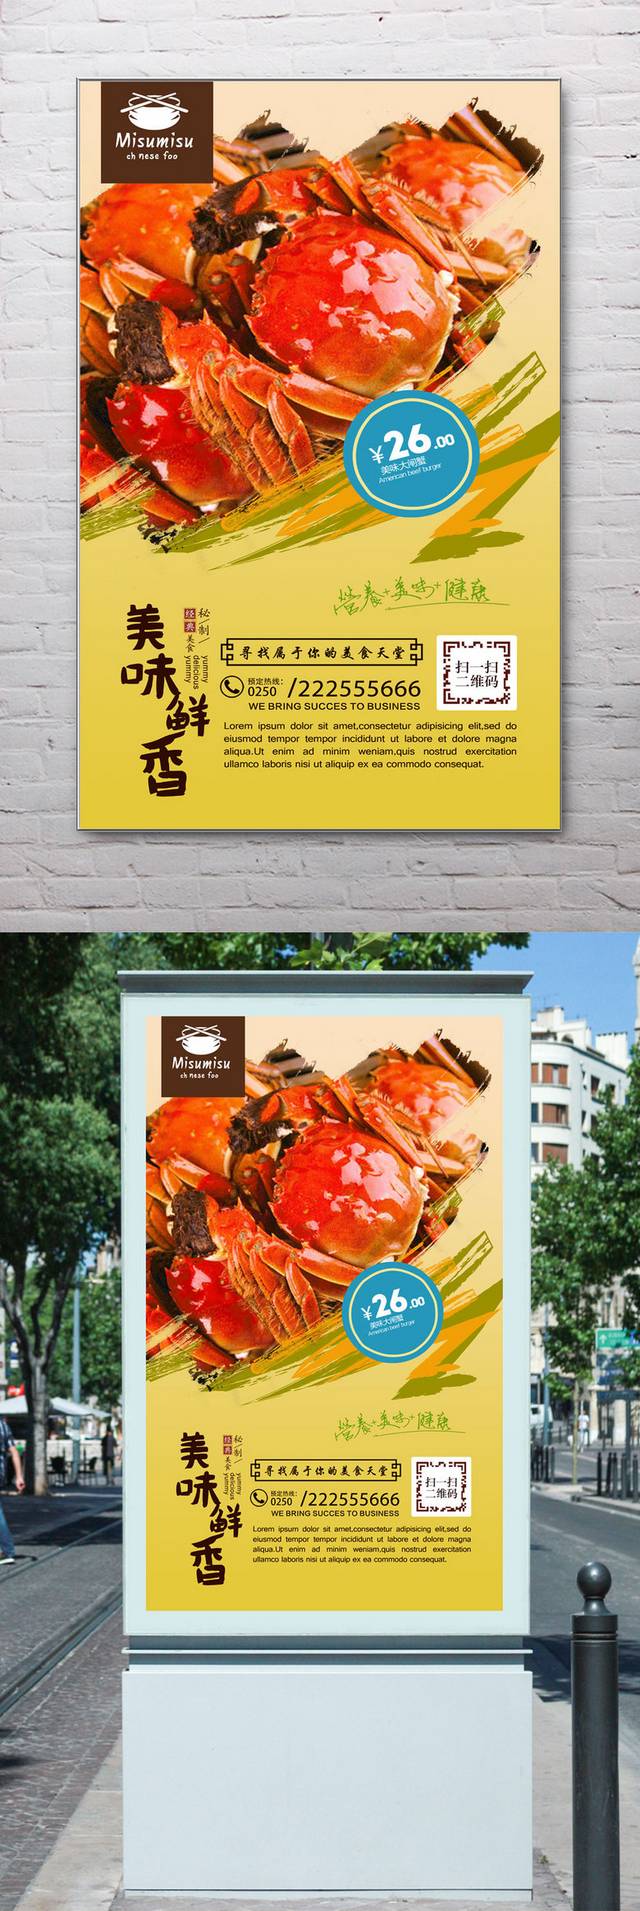 大闸蟹餐饮宣传海报设计
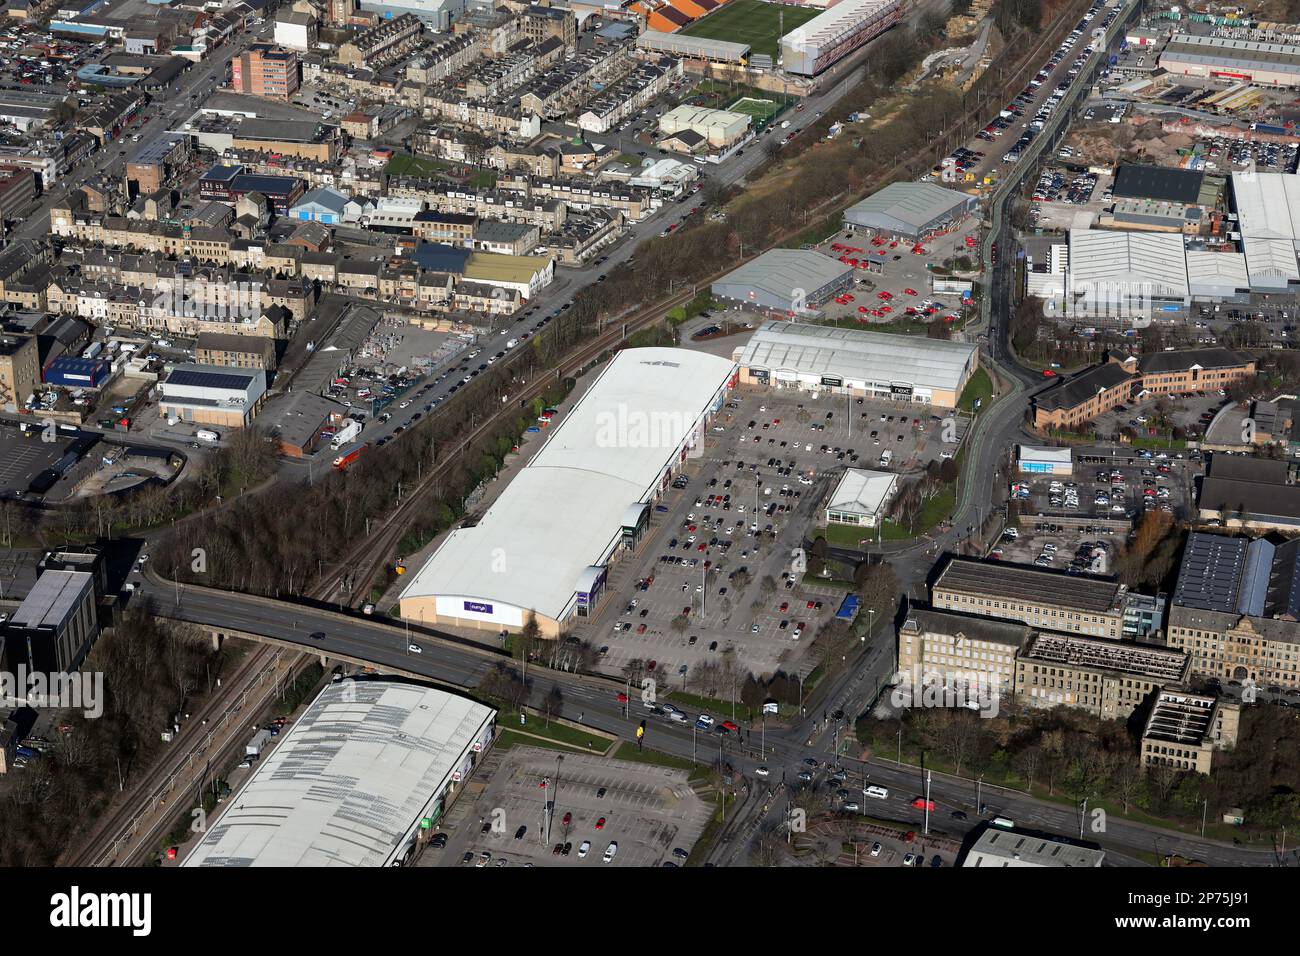 Vue aérienne du parc commercial Forster Square à Bradford, West Yorkshire, Royaume-Uni Banque D'Images
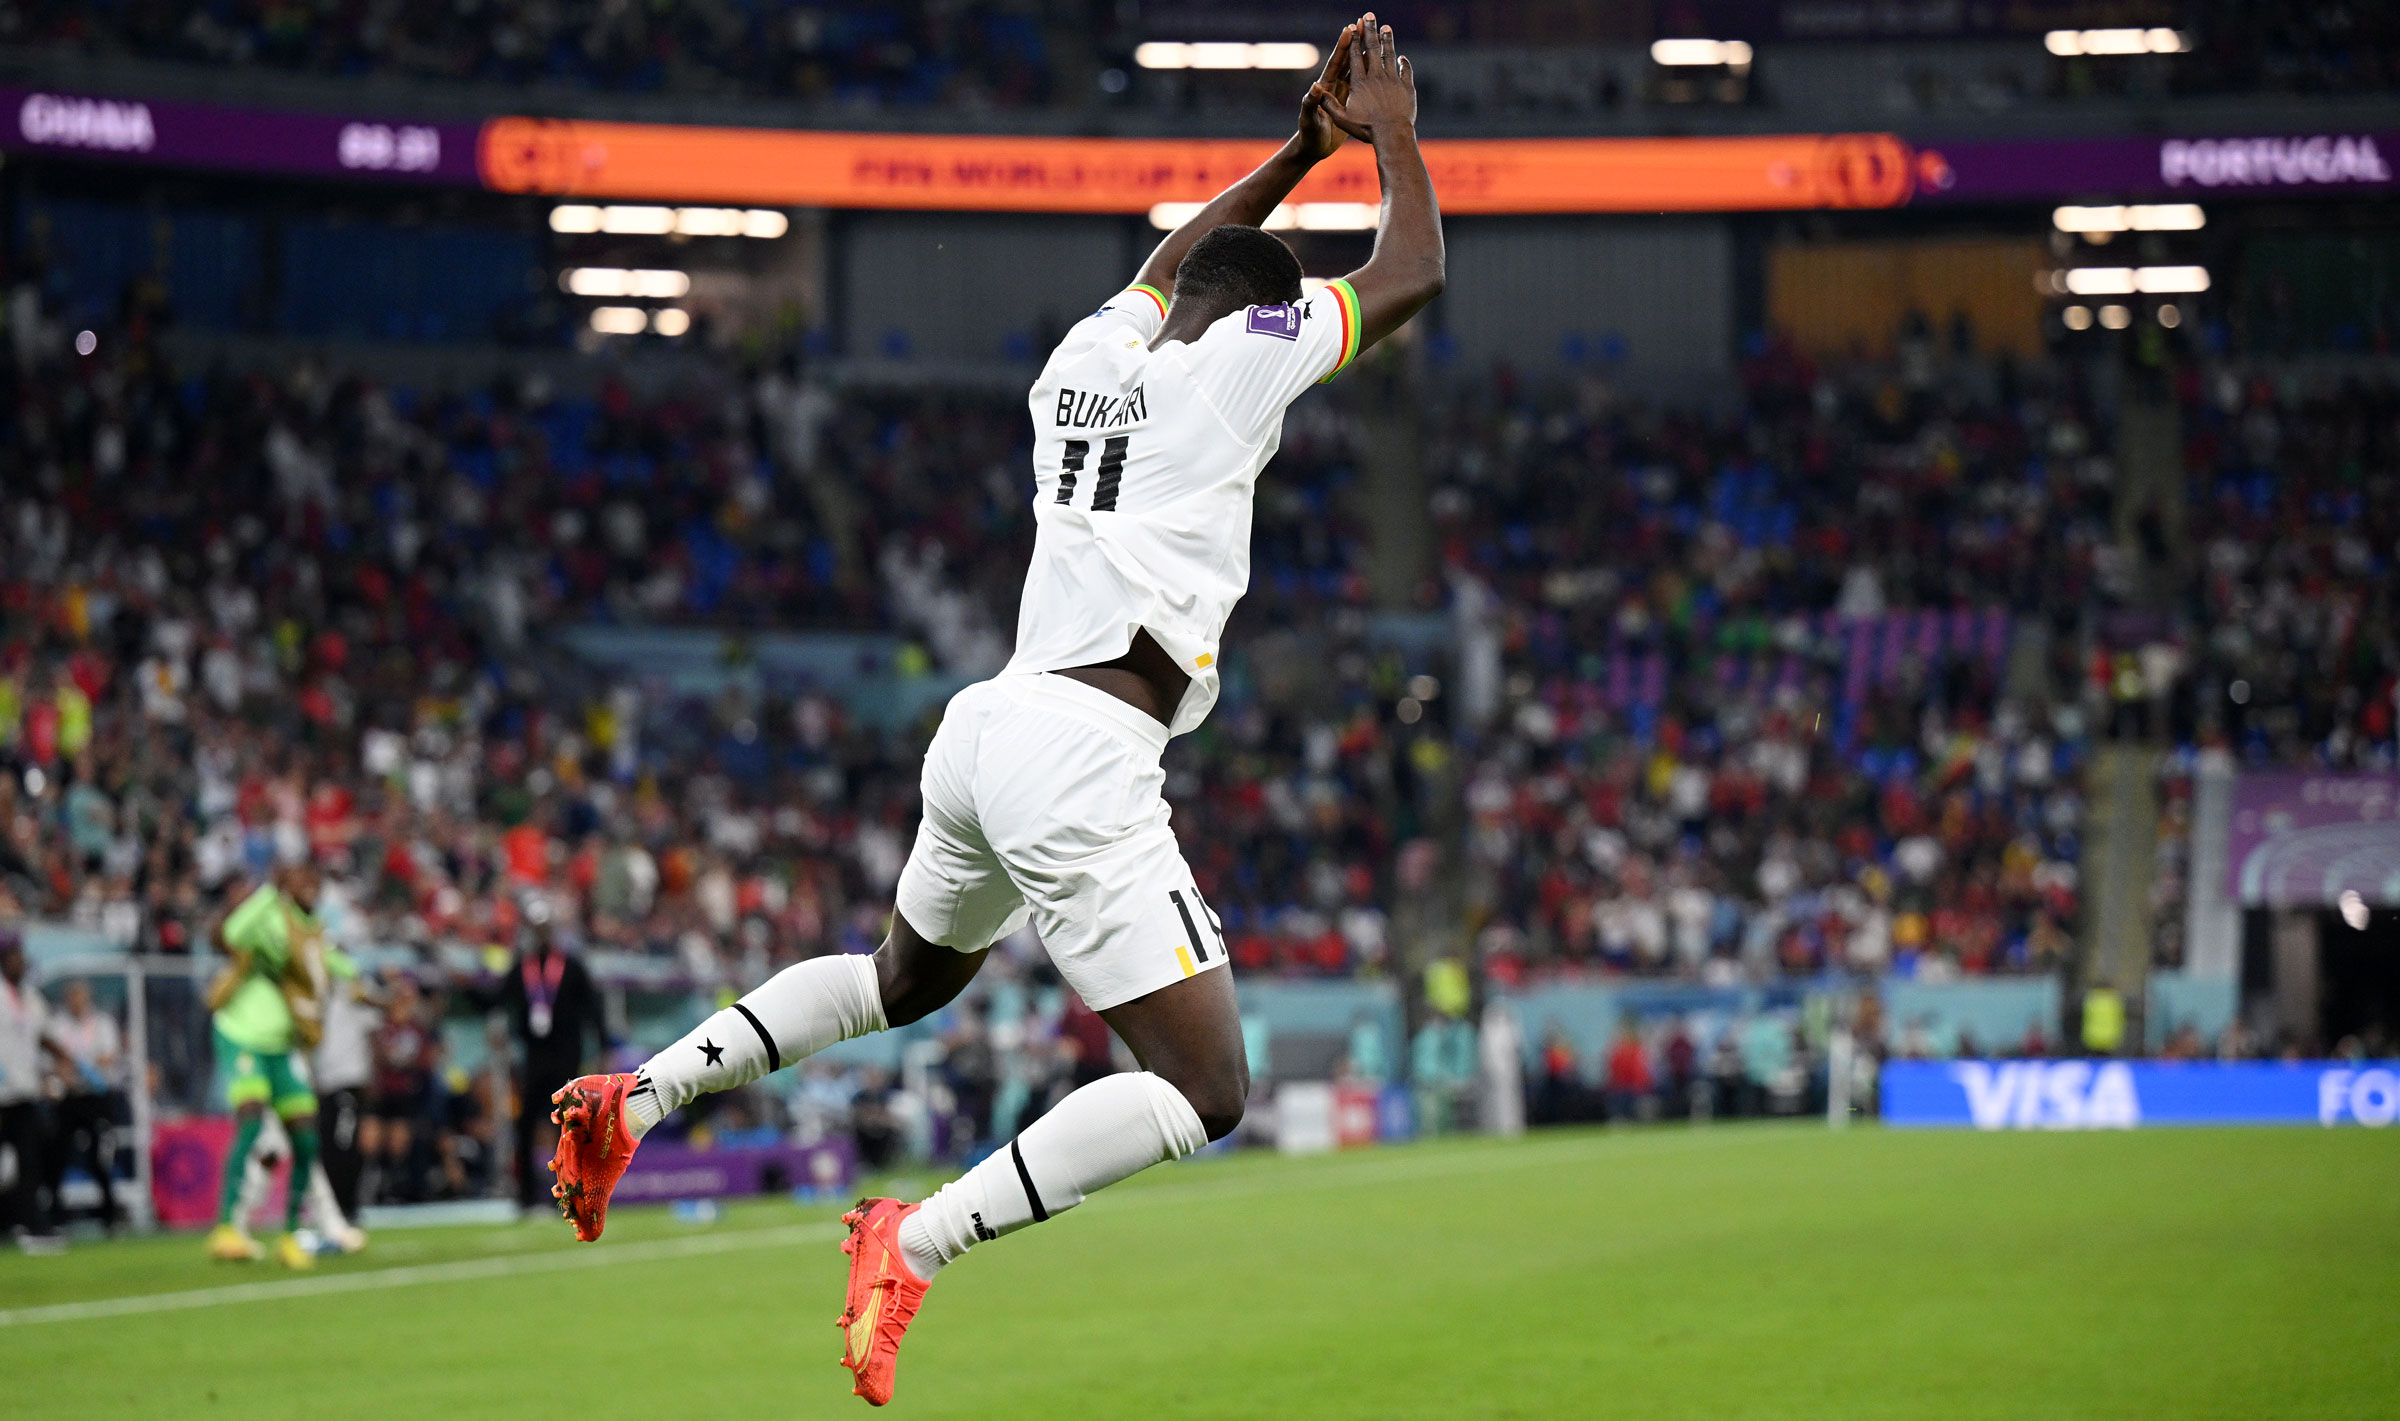 Osman Bukari celebrates after scoring Ghana's second goal.

□ □ □ □ □ □ □

• **ACTIVITY**
Find the line that has "Vue aérienne du" in the listing, then retype it and each later line up to the last, exactly. Leave pictures out.

• **RESPONSE BOX**
 Vue aérienne du parc commercial Forster Square à Bradford, West Yorkshire, Royaume-Uni Banque D'Images
 Osman Bukari celebrates after scoring Ghana's second goal.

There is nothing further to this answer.